Transfer and Servicing Agreement Controls with Respect to the
Receivables. HPLAC acknowledges that the Receivables are to be deposited in the Trust pursuant
to the Transfer and Servicing Agreement and are to be serviced by the Servicer. HPLAC agrees to
cooperate fully with the Servicer and to permit the Servicer to take any and all actions necessary
in connection with the Receivables.
[END OF ARTICLE IX]
27
ARTICLE X
MISCELLANEOUS PROVISIONS
Section 10.01. Amendment. This Agreement and any Conveyance Papers and the rights and
obligations of the parties hereunder and thereunder may not be changed orally, but only by an
instrument in writing signed by HSBC Funding and HPLAC in accordance with this Section 10.01. This
Agreement and any Conveyance Papers may be amended from time to time by HSBC Funding and HPLAC,
provided that HSBC Funding provides to HPLAC an Officer’s Certificate of HSBC Funding to
the effect that HSBC Funding reasonably believes that such amendment will not have an Adverse
Effect.
Section 10.02. GOVERNING LAW. THIS AGREEMENT AND THE CONVEYANCE PAPERS SHALL BE
CONSTRUED IN ACCORDANCE WITH THE LAWS OF THE STATE OF NEW YORK, WITHOUT REFERENCE TO ITS CONFLICT
OF LAW PROVISIONS, AND THE OBLIGATIONS, RIGHTS AND REMEDIES OF THE PARTIES HEREUNDER SHALL BE
DETERMINED IN ACCORDANCE WITH SUCH LAWS.
Section 10.03. Notices. All demands, notices and communications hereunder shall be in
writing and shall be deemed to have been duly given if personally delivered at or mailed by
certified mail, return receipt requested, to (a) in the case of HSBC Funding, HSBC Funding (USA)
Inc. V, 0000 Xxxx Xxxxxx Xxxxx, Xxx Xxxxx, Xxxxxx 00000; (b) in the case of HPLAC, HSBC Private
Label Acquisition Corporation (USA), [1111 Xxxx Xxxxxx Xxxxx, Xxx Xxxxx, Xxxxxx 00000]; (c) in the
case of the Owner Trustee, Wilmington Trust Company, as Owner Trustee, 0000 Xxxxx Xxxxxx Xxxxxx,
Xxxxxxxxxx, Xxxxxxxx 00000-0000; and (d) in the case of the Indenture Trustee, U.S. Bank National
Association, [209 Xxxxx Xx Xxxxx, Xxxxx 000, Xxxxxxx, Xxxxxxxx 00000]; or, as to each party, at
such other address as shall be designated by such party in a written notice to each other party.

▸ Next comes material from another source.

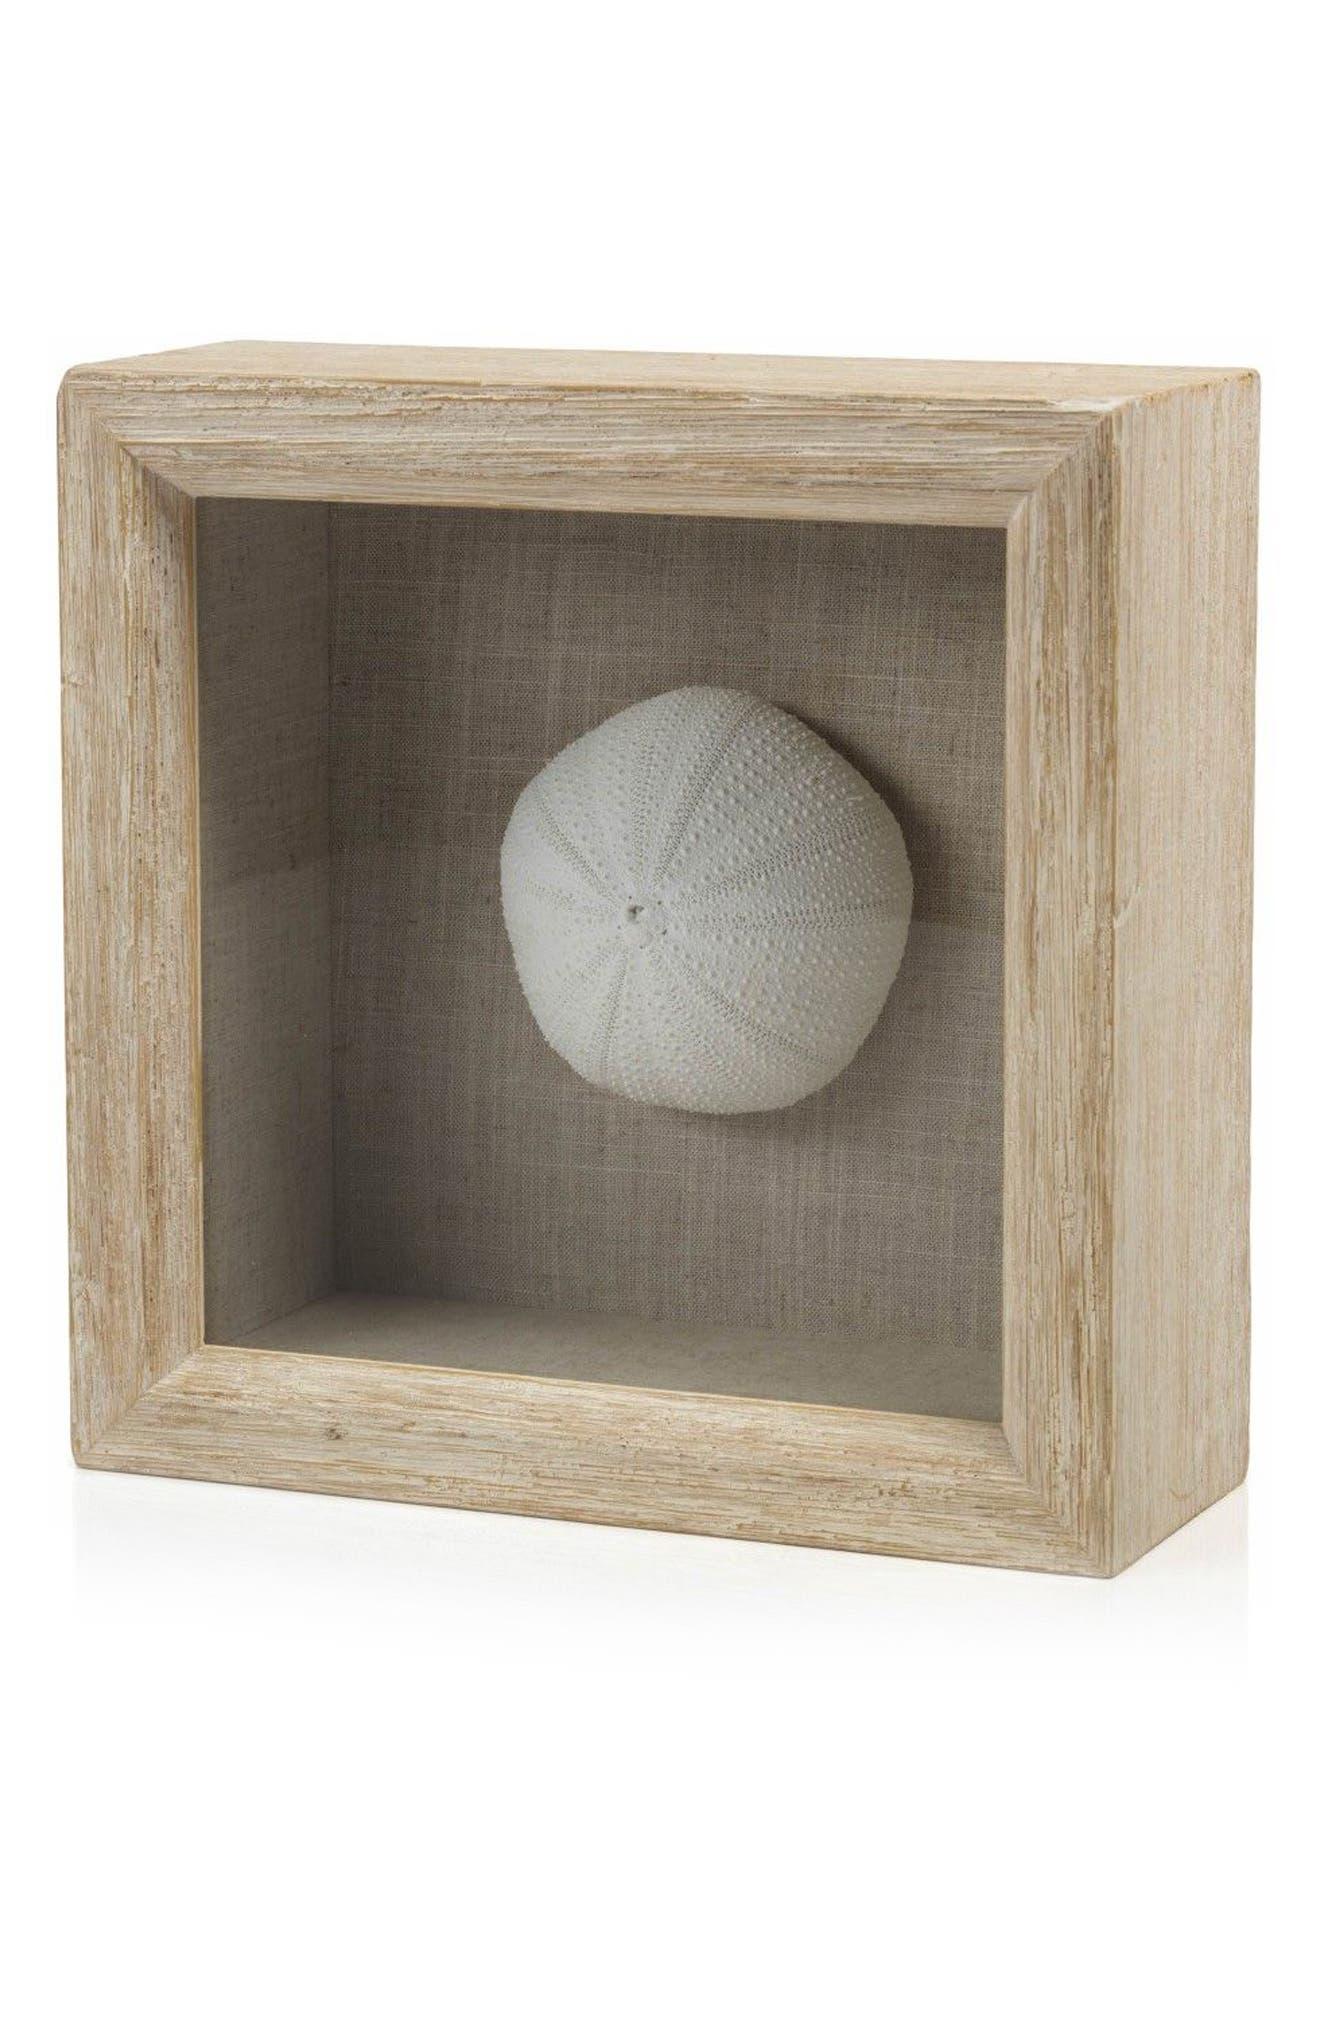 Sea Urchin Shadow Box Art,                         Main,                         color, Off-White/ Brown/ Beige

Section 10.04. Severability of Provisions. If any one or more of the covenants,
agreements, provisions or terms of this Agreement or any Conveyance Paper shall for any reason
whatsoever be held invalid, then such covenants, agreements, provisions or terms shall be deemed
severable from the remaining covenants, agreements, provisions and terms of this Agreement or any
Conveyance Paper and shall in no way affect the validity or enforceability of the other provisions
of this Agreement or of any Conveyance Paper.
Section 10.05. Assignment. Notwithstanding anything to the contrary contained herein,
other than HSBC Funding’s assignment of its right, title and interest in, to and under this
Agreement to the Trust (and the subsequent assignment pursuant to the Indenture), this Agreement
may not be assigned by the parties hereto, except for an assignment by a party hereto of its right,
title and interest in, to and under this Agreement to (i) a successor by merger assuming this
Agreement, (ii) any Affiliate of the Servicer (or any successor thereto) which assumes the
obligations of this Agreement, or (iii) any entity provided that the Rating Agency Condition has
been satisfied.
Section 10.06. Acknowledgment and Agreement of HPLAC. By execution below, HPLAC
expressly acknowledges and agrees that all of HSBC Funding’s right, title and
28
interest in, to and under this Agreement, including, without limitation, all of HSBC Funding’s
right, title and interest in and to the Receivables, shall be assigned by HSBC Funding to the Trust
pursuant to the Transfer and Servicing Agreement and by the Trust to the Indenture Trustee pursuant
to the Indenture. HPLAC hereby expressly consents to such assignments. Additionally, HPLAC agrees
to pay, or cause to be paid, directly to the Indenture Trustee any amounts payable by HPLAC to HSBC
Funding hereunder which are identified to HPLAC as required to be paid by HSBC Funding to the Trust
and by the Trust to the Indenture Trustee. Any payment required to be made on or before a
specified date in same-day funds may be made on the prior Business Day in next-day funds.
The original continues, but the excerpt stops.